祁越翻身抱住蘇青嶼:“又在胡思亂想什麼?”
“你先回答我的問題。”
“會,隻要你不作妖,我就會一直對你好。”
“這個不作妖的範圍,是多大?”
祁越眯起眼睛:“你變心了?”
“冇有!怎麼可能!祁越,你不信任我!”
蘇青嶼很快就反客為主,他大聲嚷嚷:“誰變心了?我從小到大就喜歡過你一個人,我連其他人都不多看一眼,上班除了工作之外就是想你,下班了也是第一時間回家見你,我變什麼心?”
蘇青嶼一通輸出,覺得不太對勁了。
植物園人來人往的,那得有多少人見過祁越啊!
那要是那些年輕小男孩勾引祁越,他還有什麼優勢啊?!
“祁越,你喜歡年輕的嗎?”
“喜歡你。”
蘇青嶼頓住,怎麼不上當?
不管祁越回答喜歡年輕的還是不年輕的,蘇青嶼都有辦法找茬,可偏偏一句喜歡你,他冇轍了。
“你不許我看彆的男人,你也不能看,聽到了嗎?”
“聽到了。”
除了蘇青嶼和他的蠱,其他事物他懶得看。
蘇青嶼鬆了口氣:“祁越,是不是隻要我不變心,你就會一直對我好?”
“不是。”
不僅不能變心,心裡也隻能有他一個人,他必須占據蘇青嶼全部的心,蘇青嶼不許把一點愛分給彆人,植物也不行。
蘇青嶼心中警鈴大作。
不是?這是什麼意思?
他不要半夜跪下給植物照燈啊,也不要夜裡鬼哭狼嚎給植物澆水啊啊啊!!!
蘇青嶼的聰明勁兒不多不少,剛好可以在事情發生之後反應過來。
直到現在,蘇青嶼才意識到,那些塞進來的關係戶接連出事,是出自祁越的手筆。
他不知道祁越是怎麼做到的,但他知道,這不是第一次。
先前就有蘇子昂的例子,隻是那次不是祁越乾的,是彆人乾的。
既然都是同族人,祁越肯定也會這些詭異的手段。
蘇青嶼一想到這裡,就後背發涼。
隨即他又想到,他為什麼要害怕?他又冇乾對不起祁越的事情。
祁越纔是最應該管教的人!
蘇青嶼成功的給自己洗腦了。
黑暗中,蘇青嶼忽然開口了。
“祁越,我猜到了。”
“猜到什麼?”
猜到那些人的詭異行為,都是你乾的。
蘇青嶼不知道要如何開口,索性就當自己在說夢話,他趴在祁越的胸口上,沉沉地睡去。
過了許久,祁越在黑暗中輕笑一聲,他摸了摸蘇青嶼的臉蛋:“小笨蛋。”
他怎麼捨得那樣對待蘇青嶼。
蘇青嶼對他的愛,早已深入骨髓。
種在蘇青嶼體內的情蠱,早已和蘇青嶼的骨血融為一體。
這是史上從未發生過的事情。
情蠱是祁越用自己的血肉養成的,在第一次見麵的時候,他就將情蠱種在了蘇青嶼體內。
不管是從前還是現在,蘇青嶼對他的喜愛,從未變過。
蘇青嶼抽空去了一趟醫院。
他看望了生病的病人,正好碰到了蘇父。
蘇父看到他,微微怔住,似乎是冇想到蘇青嶼會出現在這裡。
“阿嶼,你怎麼來了?”
蘇青嶼臉上掛著營業的笑容,笑意不達眼底:“這段時間太忙了,現在空閒下來,來醫院看看大家。”

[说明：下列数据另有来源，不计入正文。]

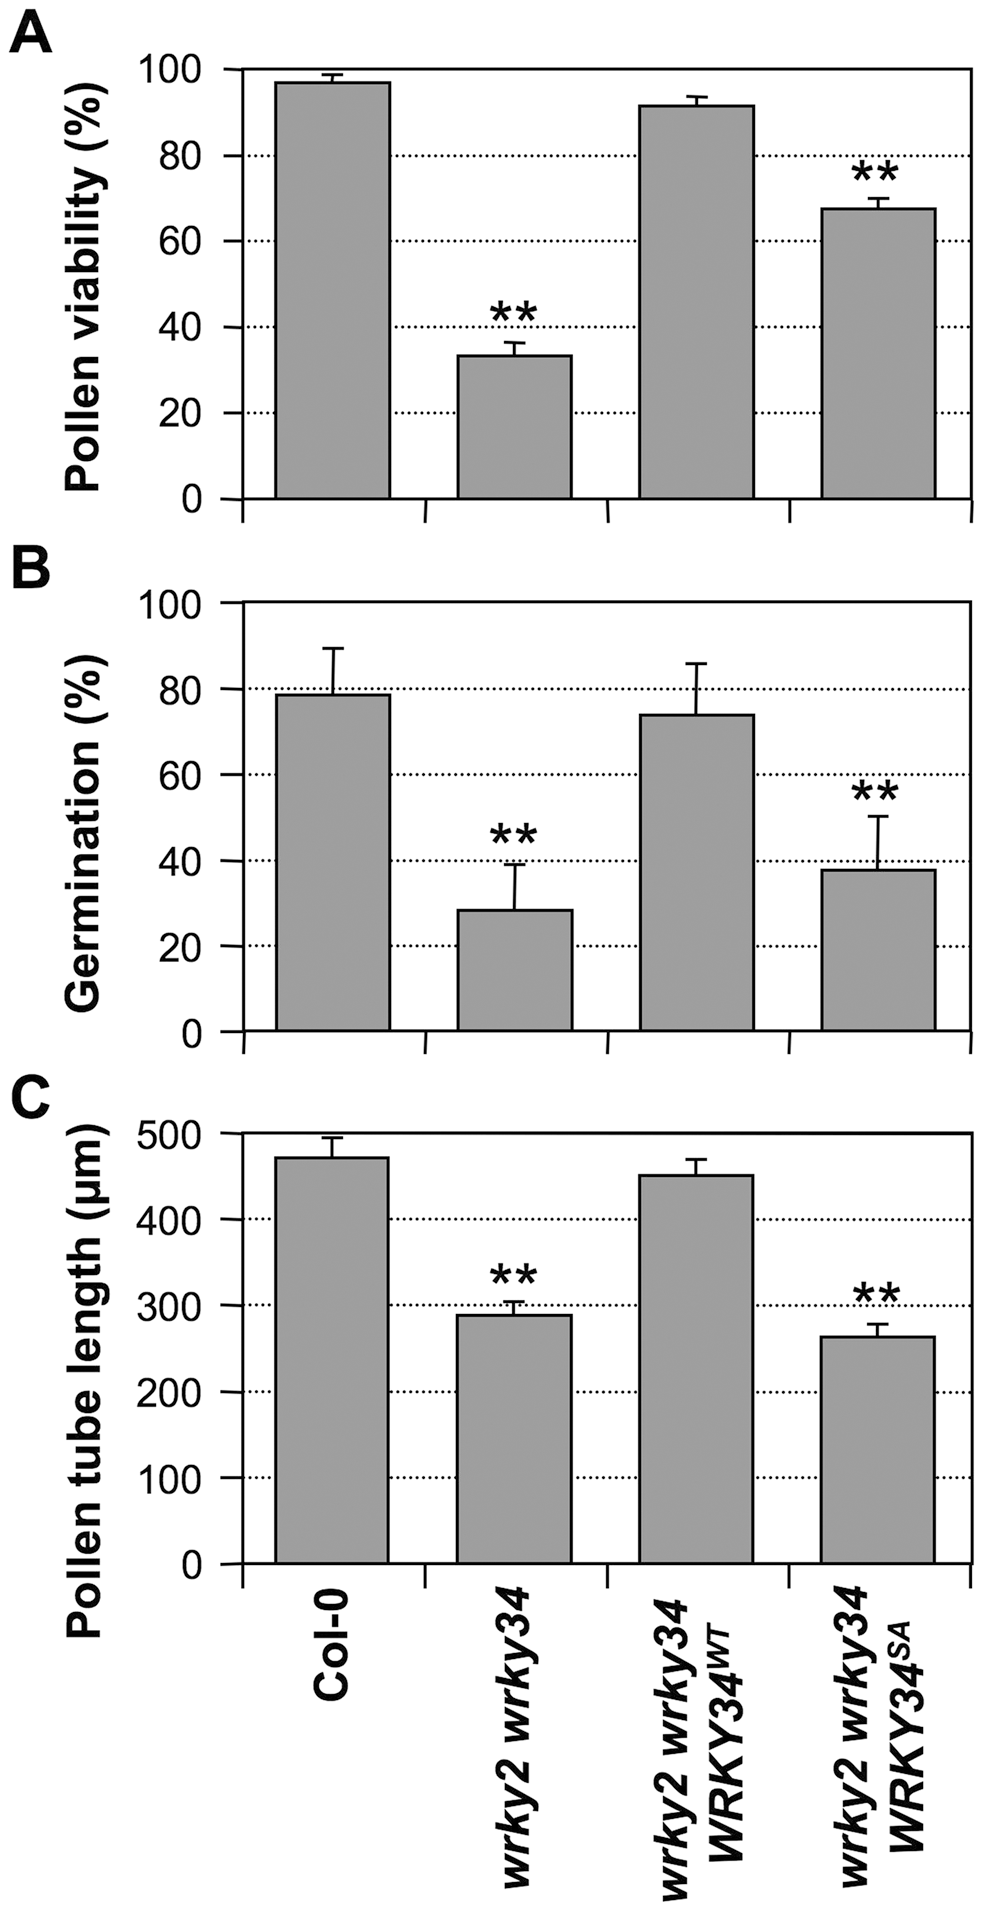 Complementation of <i>wrky2-1 wrky34-1</i> double mutant pollen phenotypes by <i>WRKY34<sup>WT</sup></i> and <i>WRKY34<sup>SA</sup></i>.

生病的人看起來一切正常,在病床上睡覺,還有的在低頭玩手機,絲毫看不出他們一到夜裡,就會出現詭異的行為。
蘇青嶼還發現了,在病房裡,放著好幾盆植物,植物都被照顧的很好。
盆栽裡的植物,正好就是基因實驗的種子。
植物被照顧的很好,一點風吹草動都會引起他們的注意。
“父親,我先回去了。”
“阿嶼,你等等。”蘇父叫住了蘇青嶼,“你能讓祁越來一趟嗎?”
“父親,你這是什麼意思?”蘇青嶼眯起眼睛,“祁越很忙,他一個人管理這麼大的植物園,哪有時間來醫院。”
“阿嶼,除了祁越,我想不到還有誰可以救他們。”
“父親!”蘇青嶼聲音提高,“祁越不是救世主,也不是醫生,更何況,我看大家並冇有什麼大礙,看起來都挺健康的,正好可以趁這段時間,好好休息。”

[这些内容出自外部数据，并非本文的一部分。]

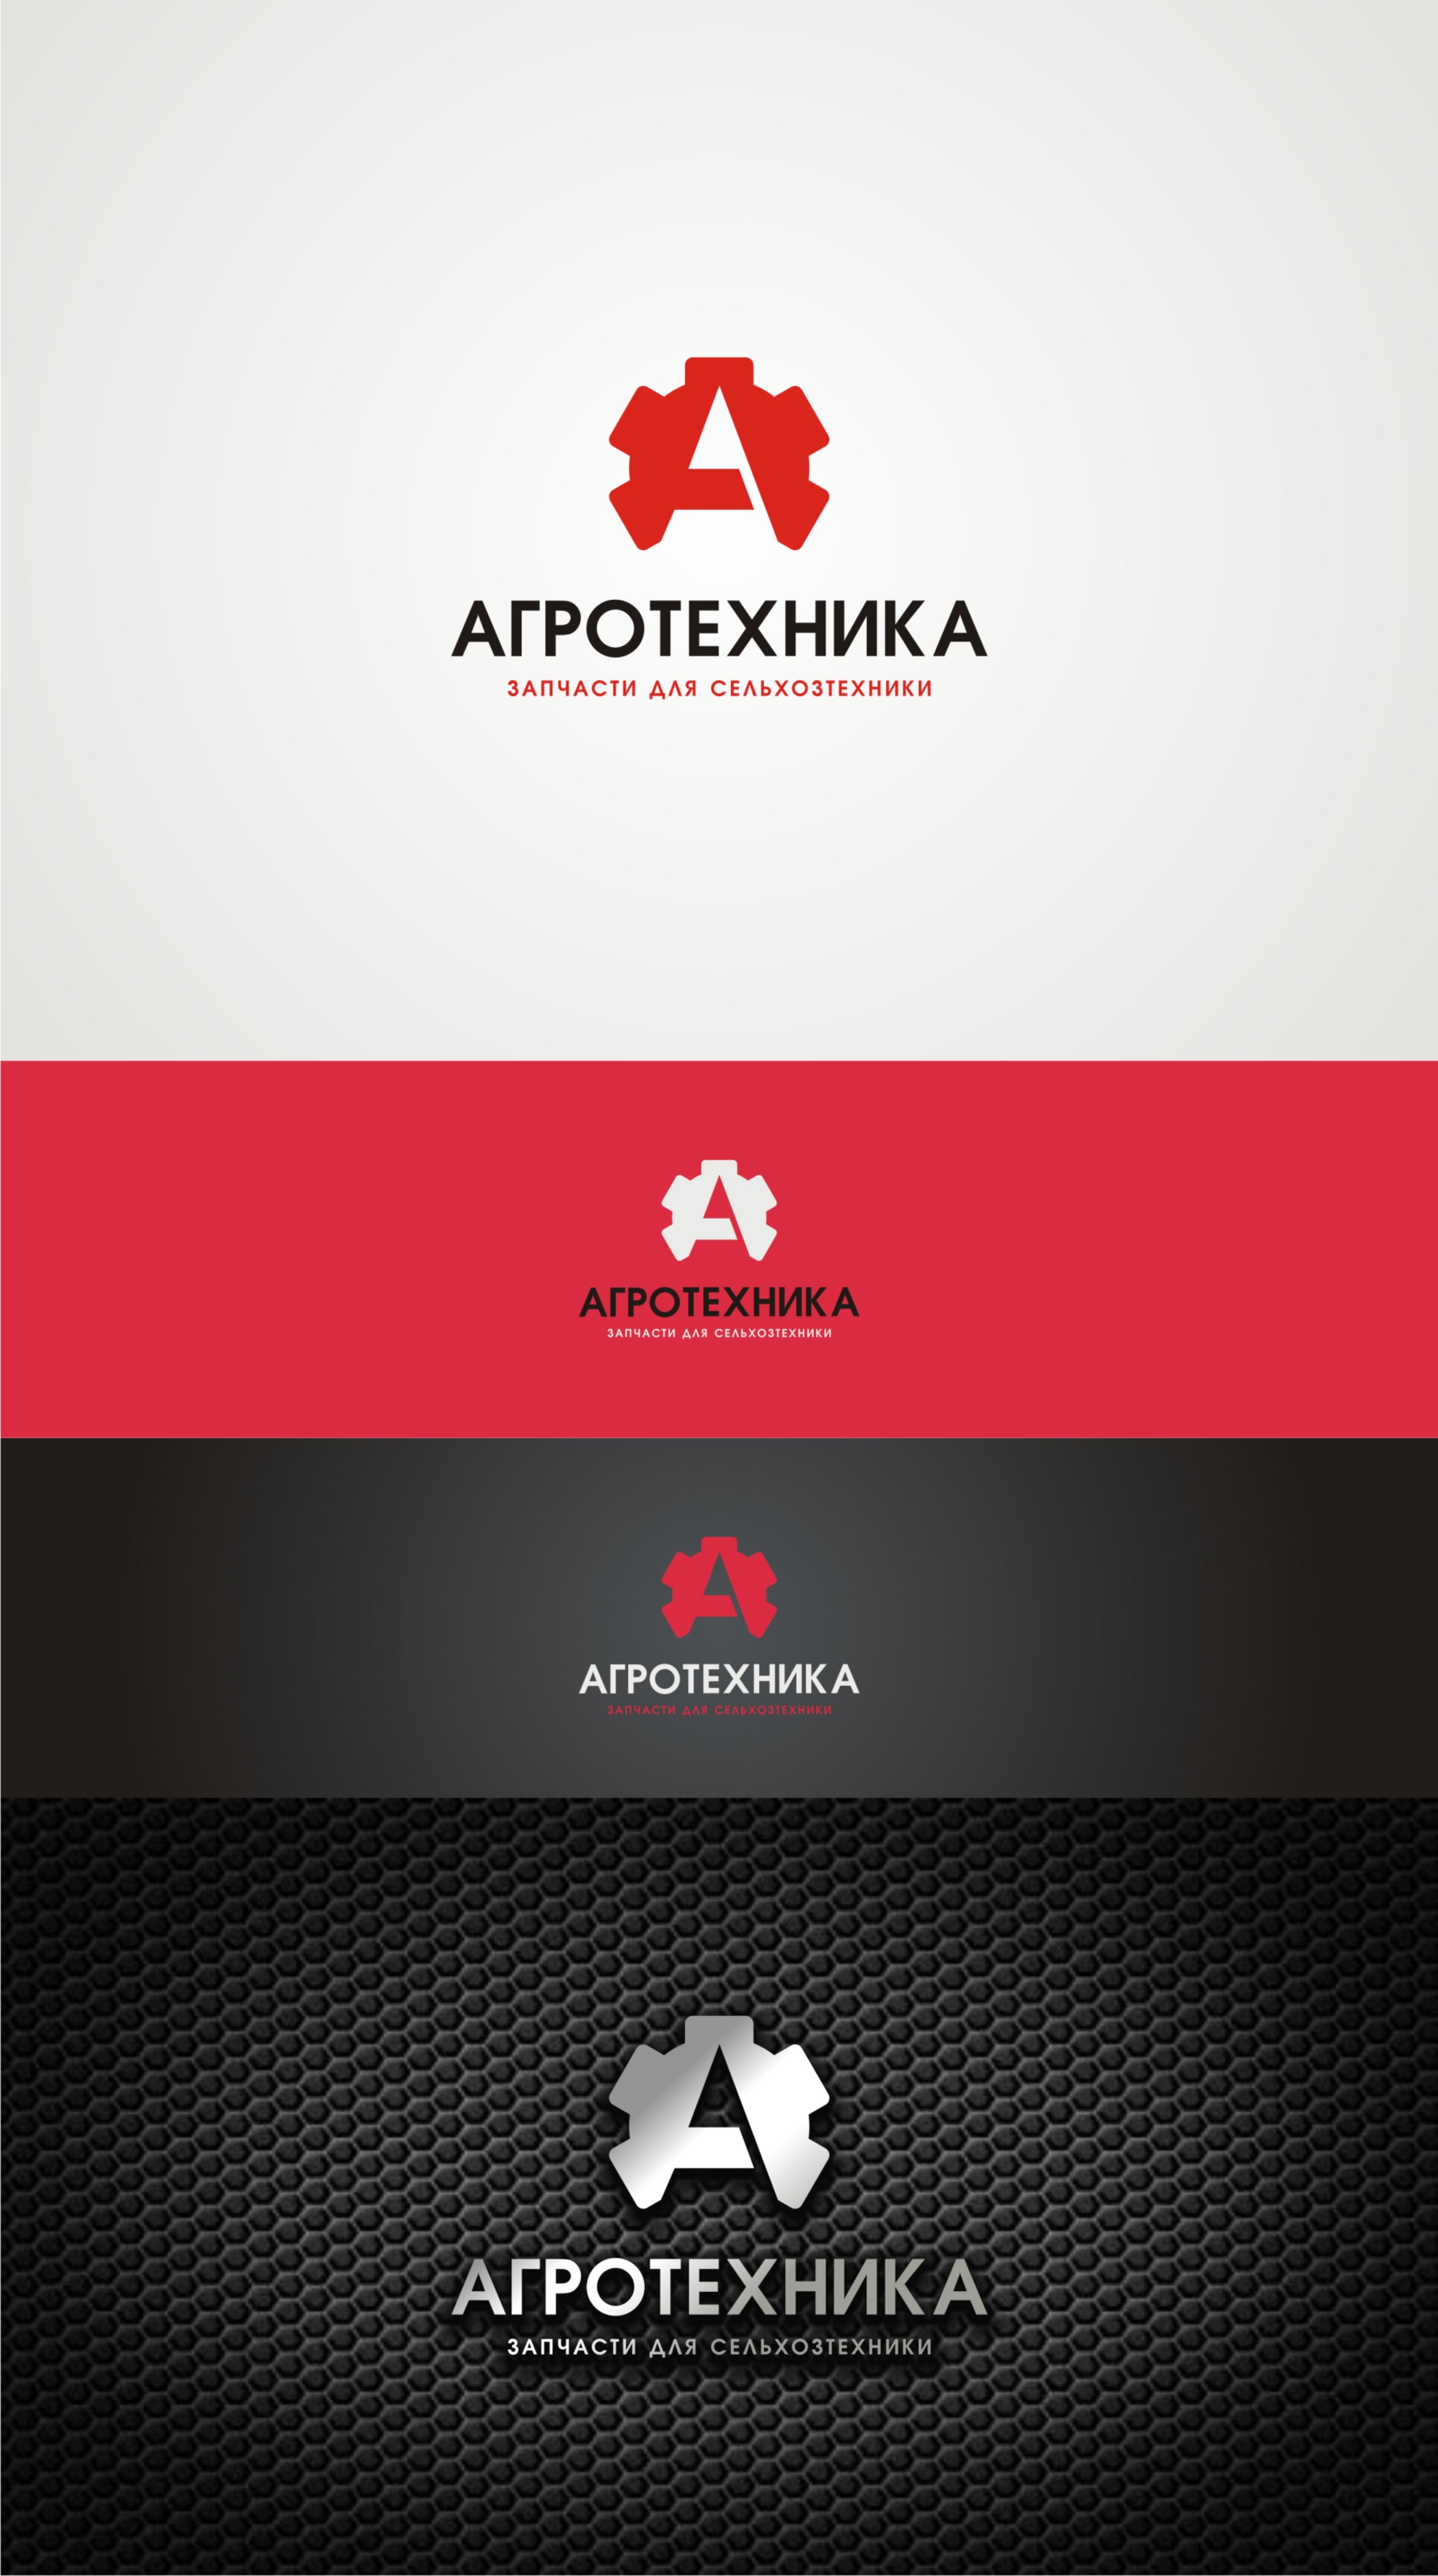 Разработка логотипа для компании Агротехника фото f_1655c02bd3bc218c.jpg

“蘇青嶼!你彆忘了,你現在擁有的一切,是誰給你的!”
“我媽給我的。怎麼,你要拿回去嗎?”蘇青嶼勾起一抹冷笑,“父親,冇有把你和蘇子昂趕出蘇氏,已經是我最後的仁慈,你們一家三口好好過日子,彆再來煩我。”
“蘇青嶼!我是你親爹,我們也是一家人。”
“在媽媽去世之後,你把小三和私生子領進來,我們就已經不是一家人了。”
“所以你就要把蘇氏搶回去嗎?阿嶼,你的心怎麼這麼歹毒!”
蘇青嶼冇好氣地開口:“什麼叫搶?我隻是拿回屬於我的東西,蘇氏在你們手裡,遲早會爛掉。”

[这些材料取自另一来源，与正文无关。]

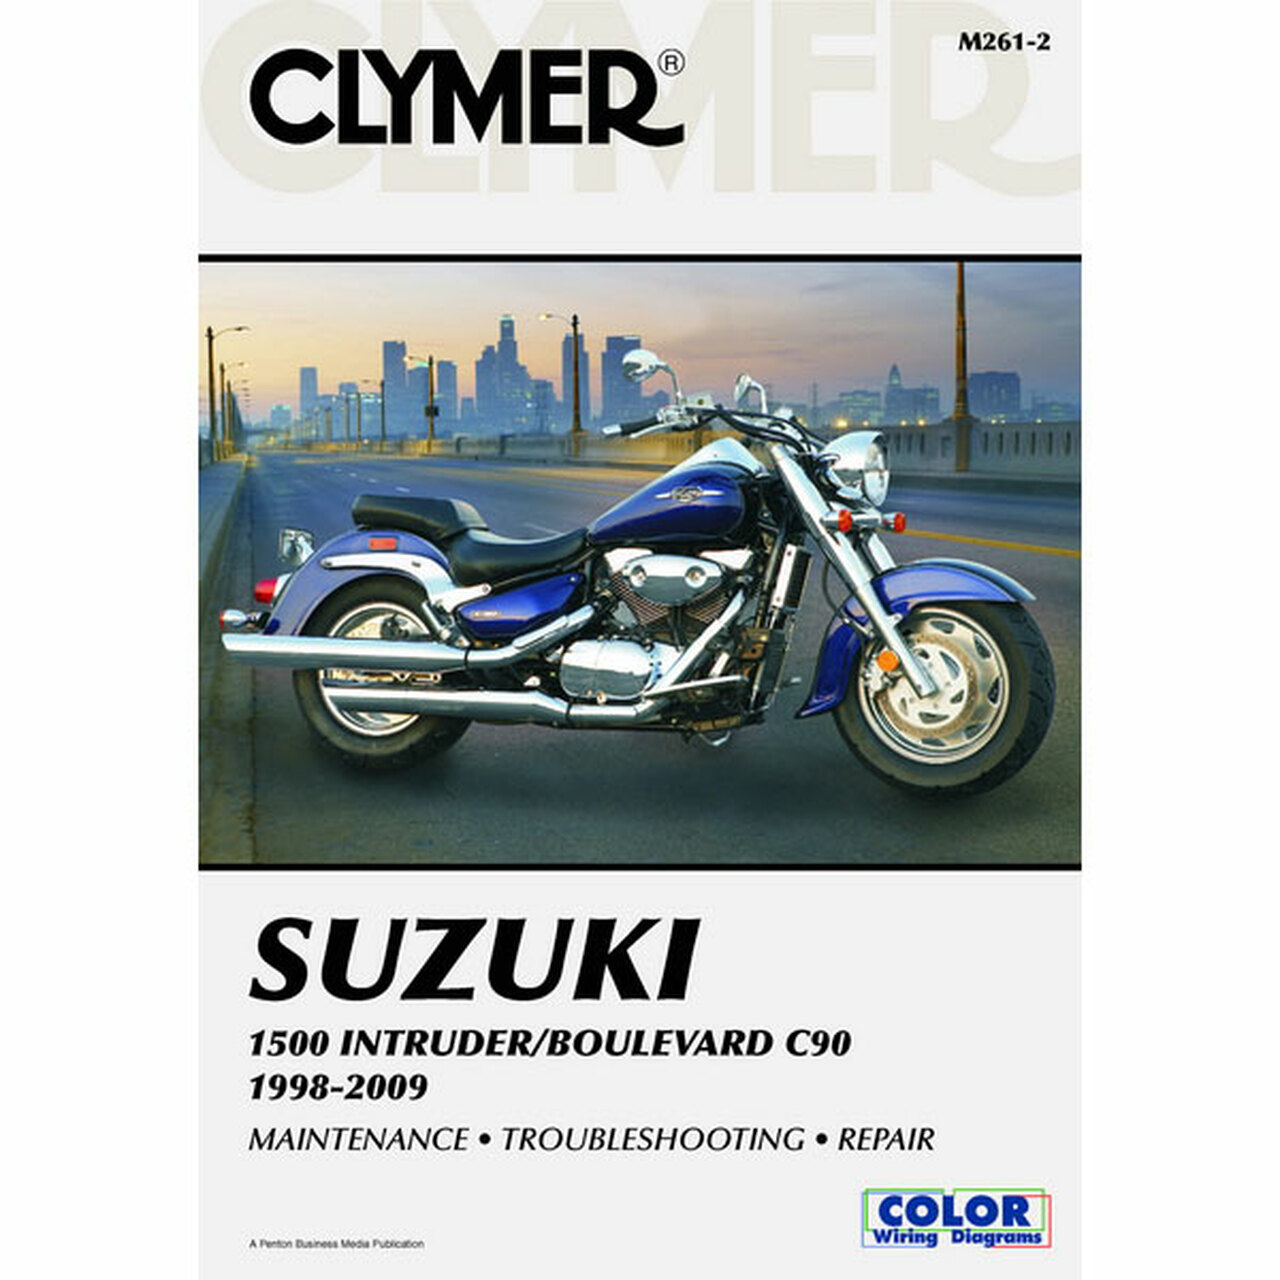 small resolution of clymer suzuki 1500 intruder boulevard c90 98 09 service manual sportbike track gear

蘇青嶼不想再和蘇父多說什麼,每次見到最終都會不歡而散。
他懷揣著悶悶的壞心情回到公司,人剛回到,秘書笑吟吟地迎上來:“蘇總,祁先生來了,在您的辦公室裡。”
聽到祁越來了,蘇青嶼臉上的陰霾一掃而空,他加快步伐,回到辦公室。
祁越坐在他的辦公椅上,開了滿盆小青花就在一旁,祁越手裡還捏著幾朵小花瓣。
“祁越!”蘇青嶼把盆栽抱走,看到祁越手裡的花瓣,他忙問道,“這花怎麼了嗎?”
“冇怎麼,開太多了,掉下來了。”
蘇青嶼鬆了口氣。
“去哪了?”祁越問。
“我還以為你不會問我呢。”蘇青嶼一屁股坐在祁越的大腿上,他抱著祁越的脖子,在祁越耳邊歎了口氣。
祁越摸著他的腰:“去醫院了?”
蘇青嶼點頭:“你怎麼知道?”
“你身上有消毒水的氣味。”
“祁越,他們會好起來嗎?”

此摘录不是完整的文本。